DATA EXCERPT |
* * *
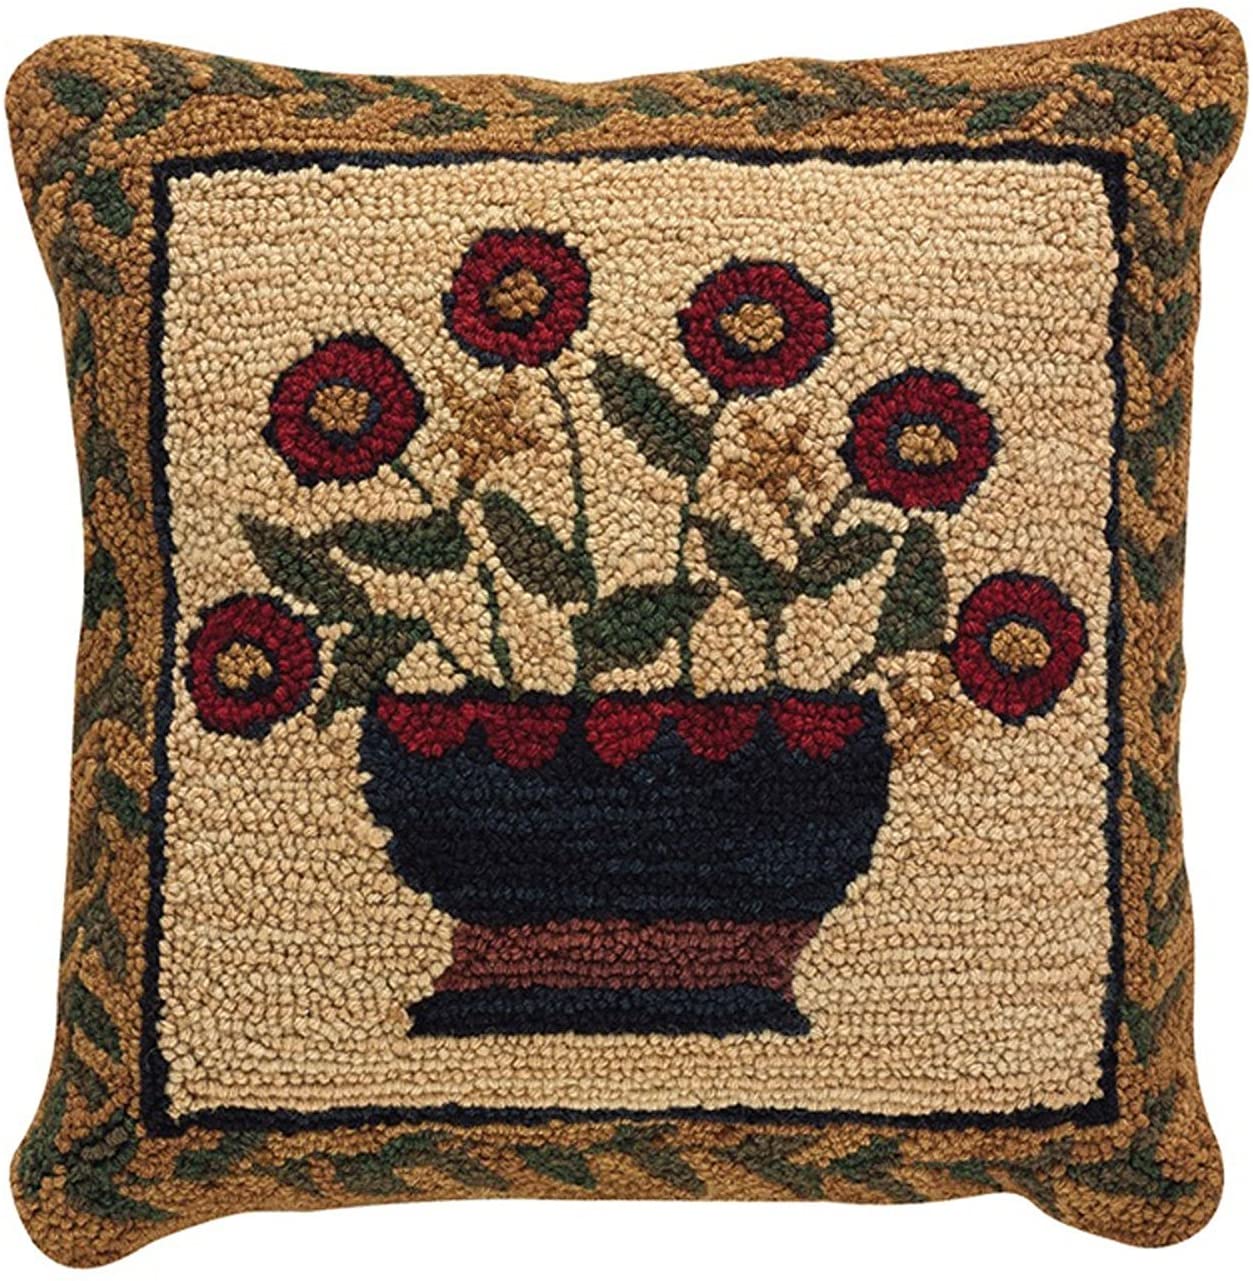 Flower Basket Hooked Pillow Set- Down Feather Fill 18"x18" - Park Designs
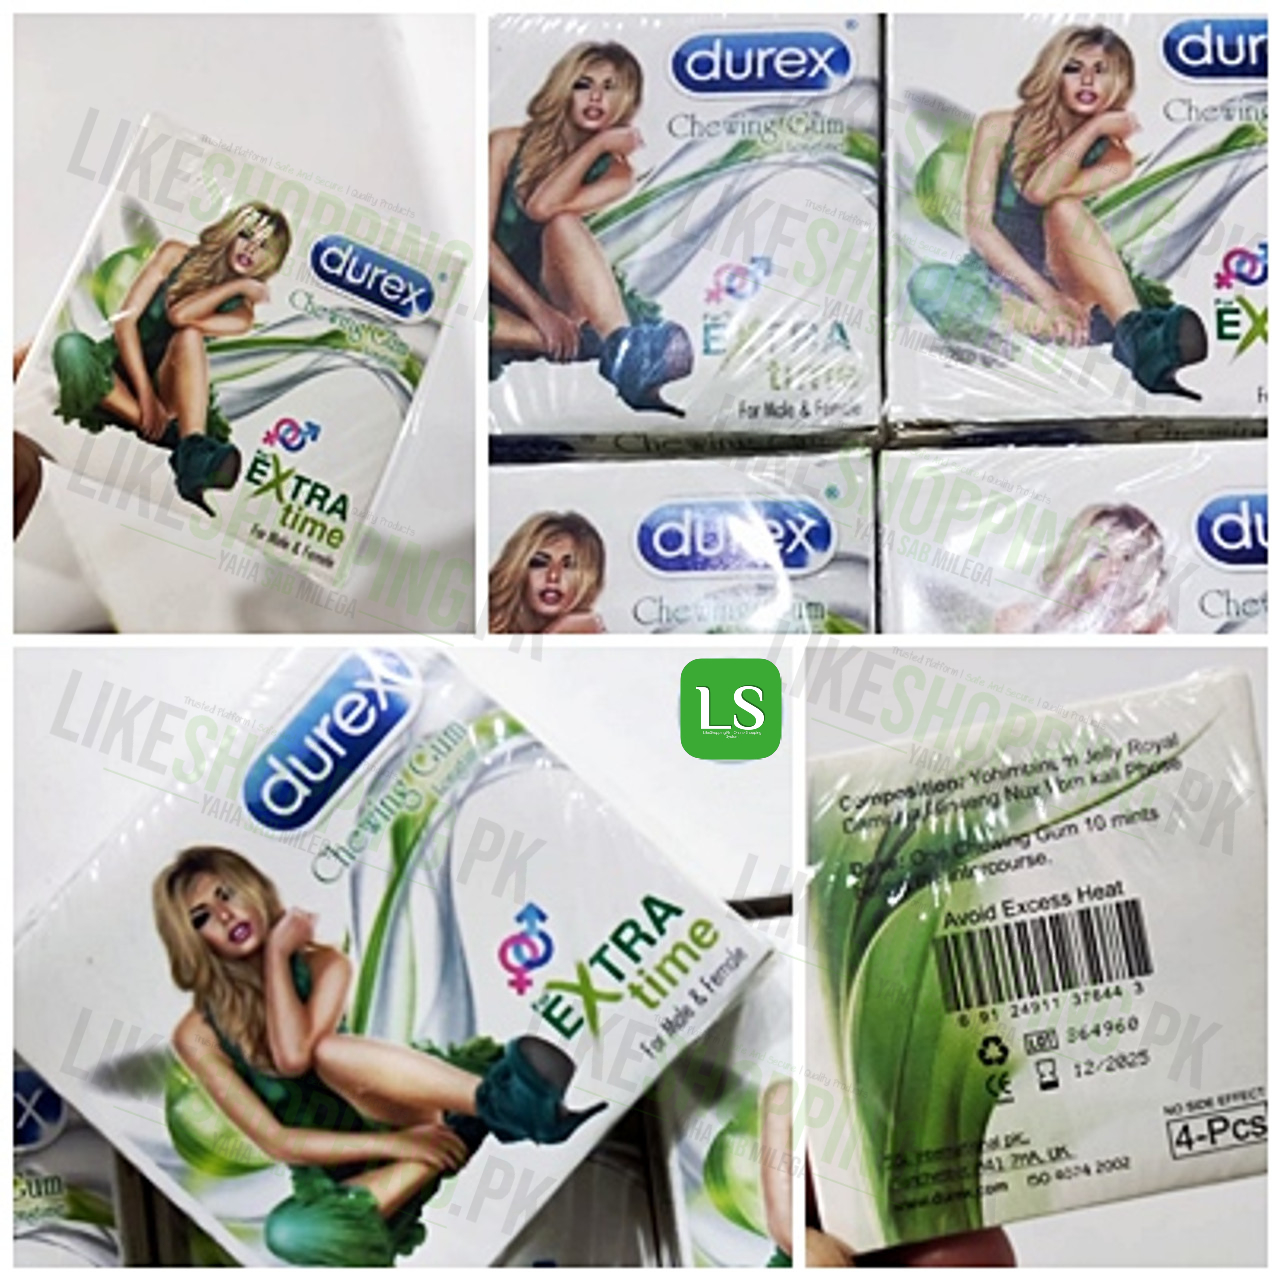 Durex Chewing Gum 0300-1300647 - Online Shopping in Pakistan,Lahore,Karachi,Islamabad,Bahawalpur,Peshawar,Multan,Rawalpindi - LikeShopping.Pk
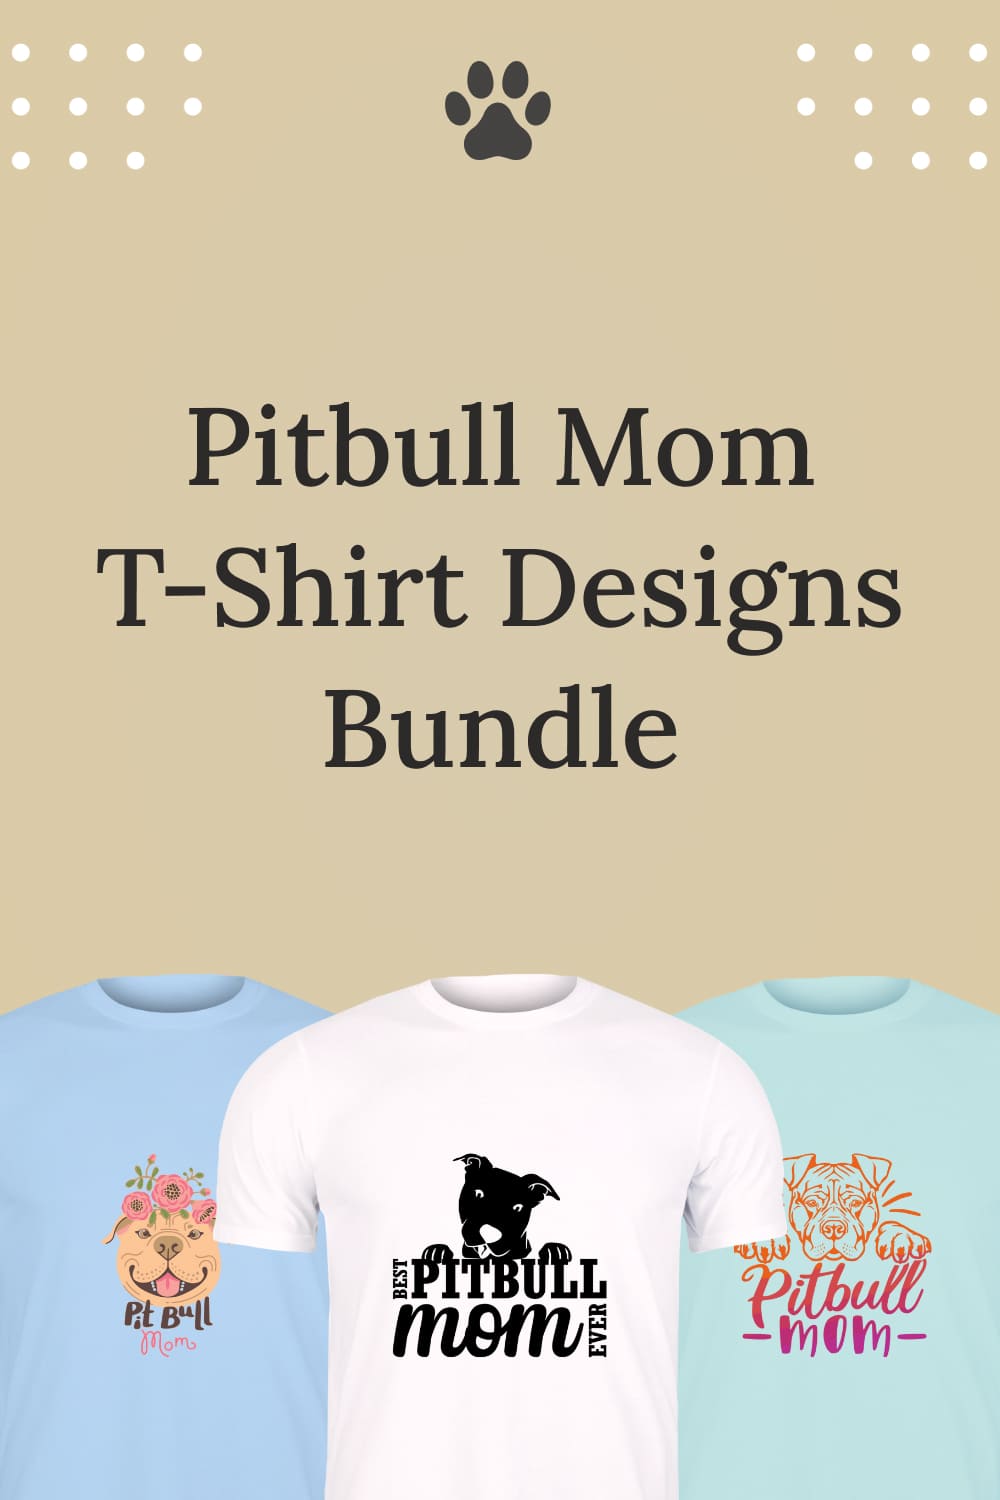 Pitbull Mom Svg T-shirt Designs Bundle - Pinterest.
* * *
WORK REQUIRED | Drop the images and return the data verbatim.

THE ANSWER |
 Flower Basket Hooked Pillow Set- Down Feather Fill 18"x18" - Park Designs
 Durex Chewing Gum 0300-1300647 - Online Shopping in Pakistan,Lahore,Karachi,Islamabad,Bahawalpur,Peshawar,Multan,Rawalpindi - LikeShopping.Pk
 Pitbull Mom Svg T-shirt Designs Bundle - Pinterest.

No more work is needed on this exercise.